_DATA:_
═══

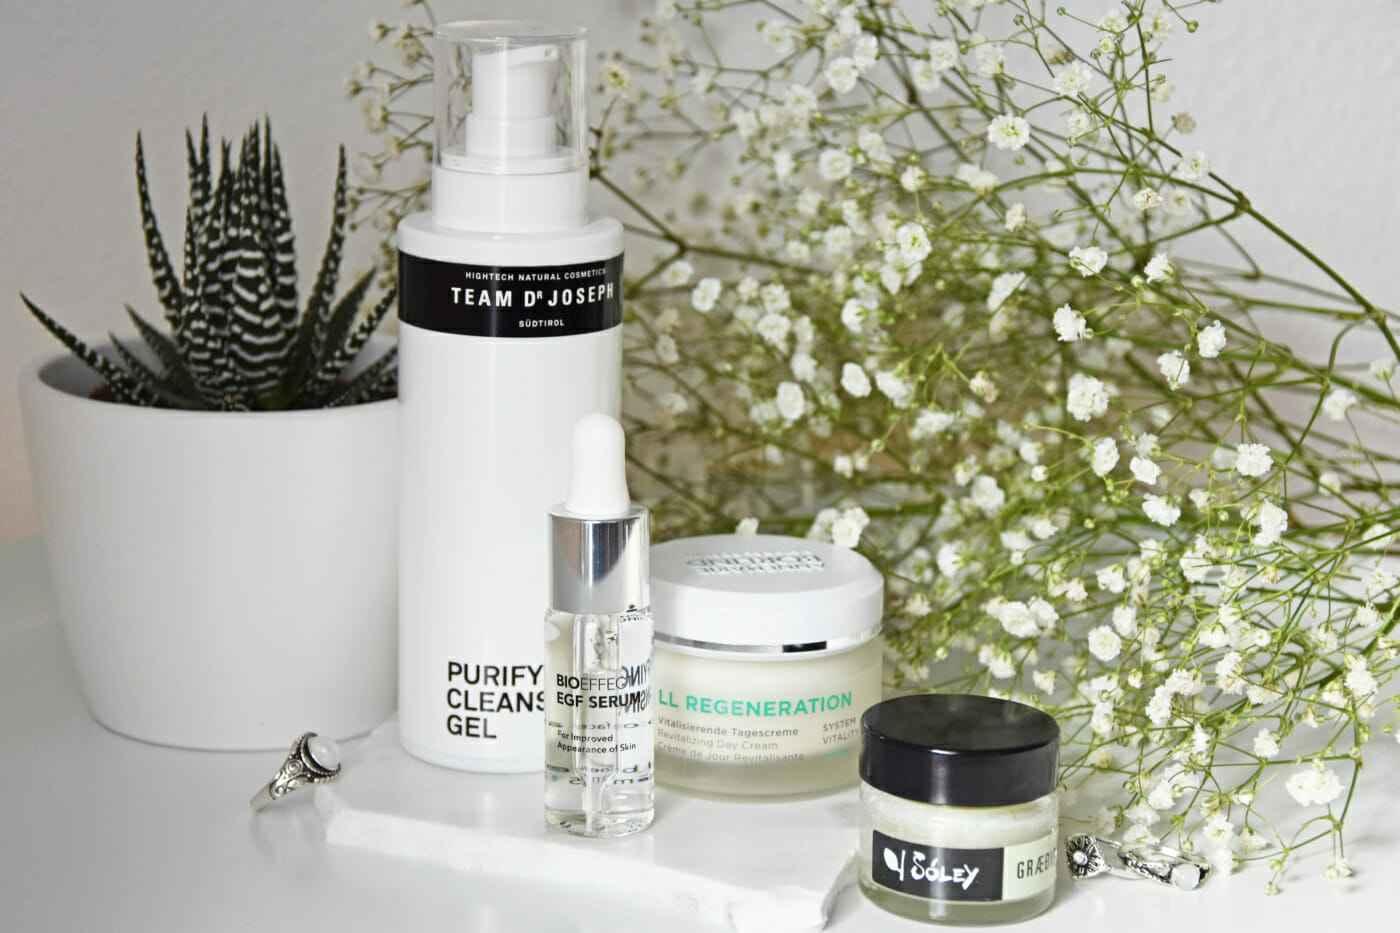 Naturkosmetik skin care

═══

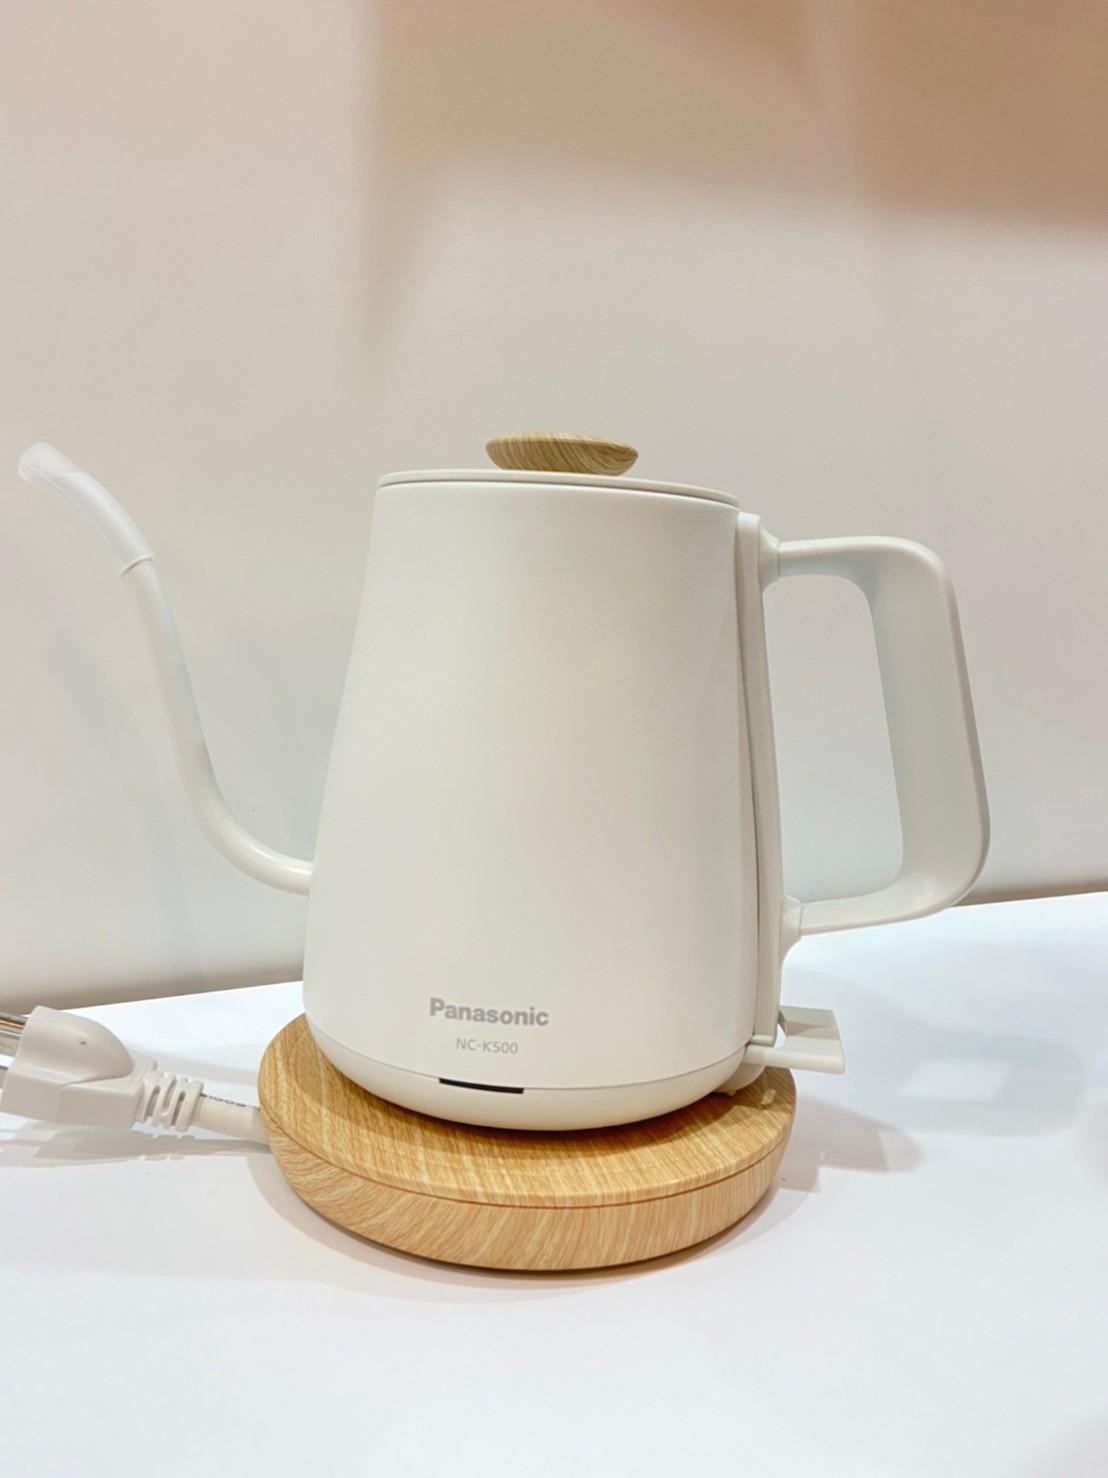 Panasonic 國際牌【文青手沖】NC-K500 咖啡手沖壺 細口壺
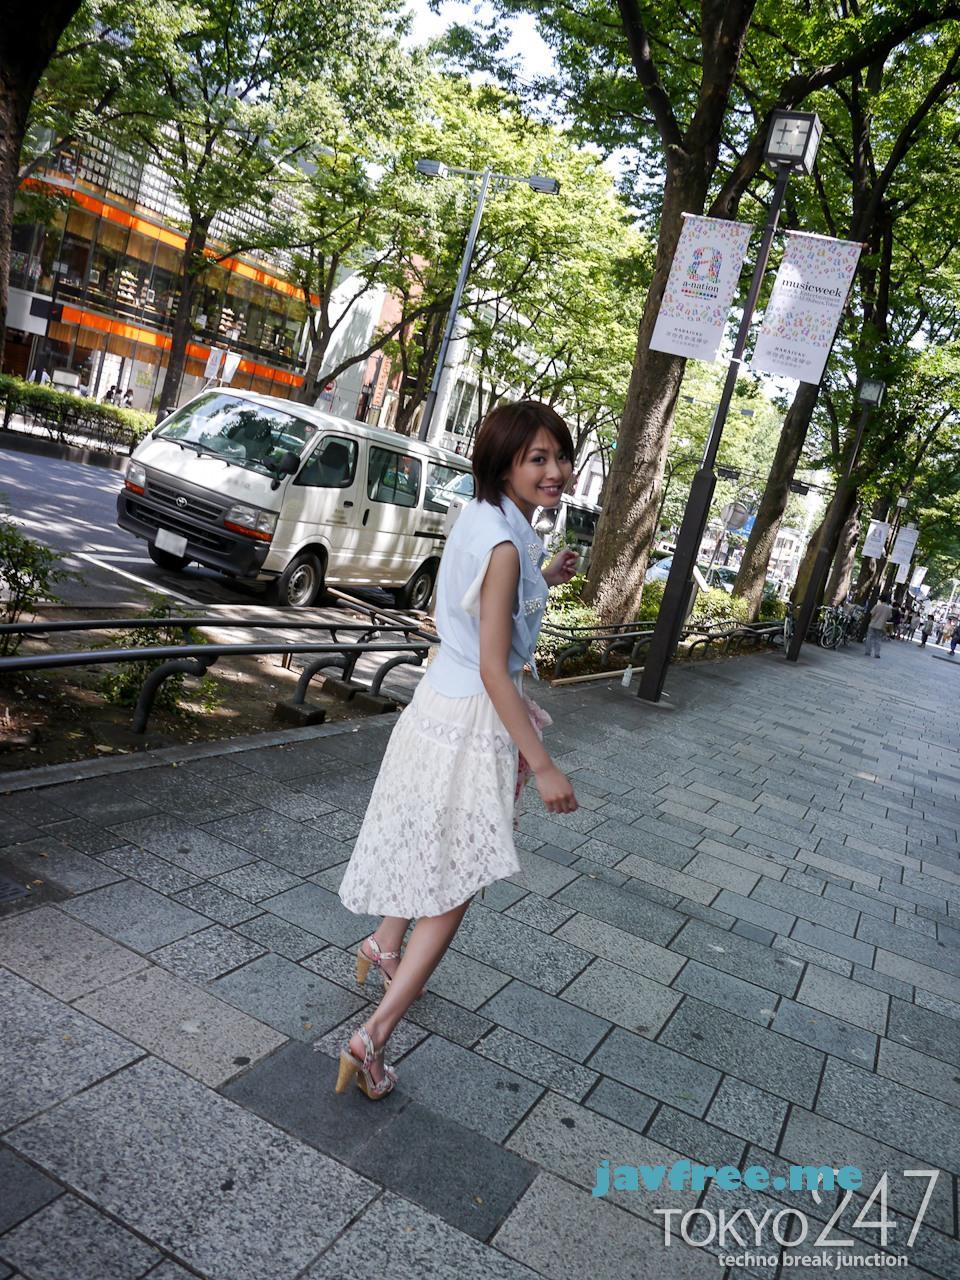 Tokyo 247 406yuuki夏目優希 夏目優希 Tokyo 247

═══

_EXERCISE OBJECTIVE:_ Your reply should hold nothing but the lines above, from the one containing "Panasonic 國際牌【文青手沖】NC-K500 咖啡手沖壺 細口壺" to the one containing "Tokyo 247 406yuuki夏目優希 夏目優希 Tokyo 247", reproduced exactly minus the pictures.

_YOUR SOLUTION:_
 Panasonic 國際牌【文青手沖】NC-K500 咖啡手沖壺 細口壺
 Tokyo 247 406yuuki夏目優希 夏目優希 Tokyo 247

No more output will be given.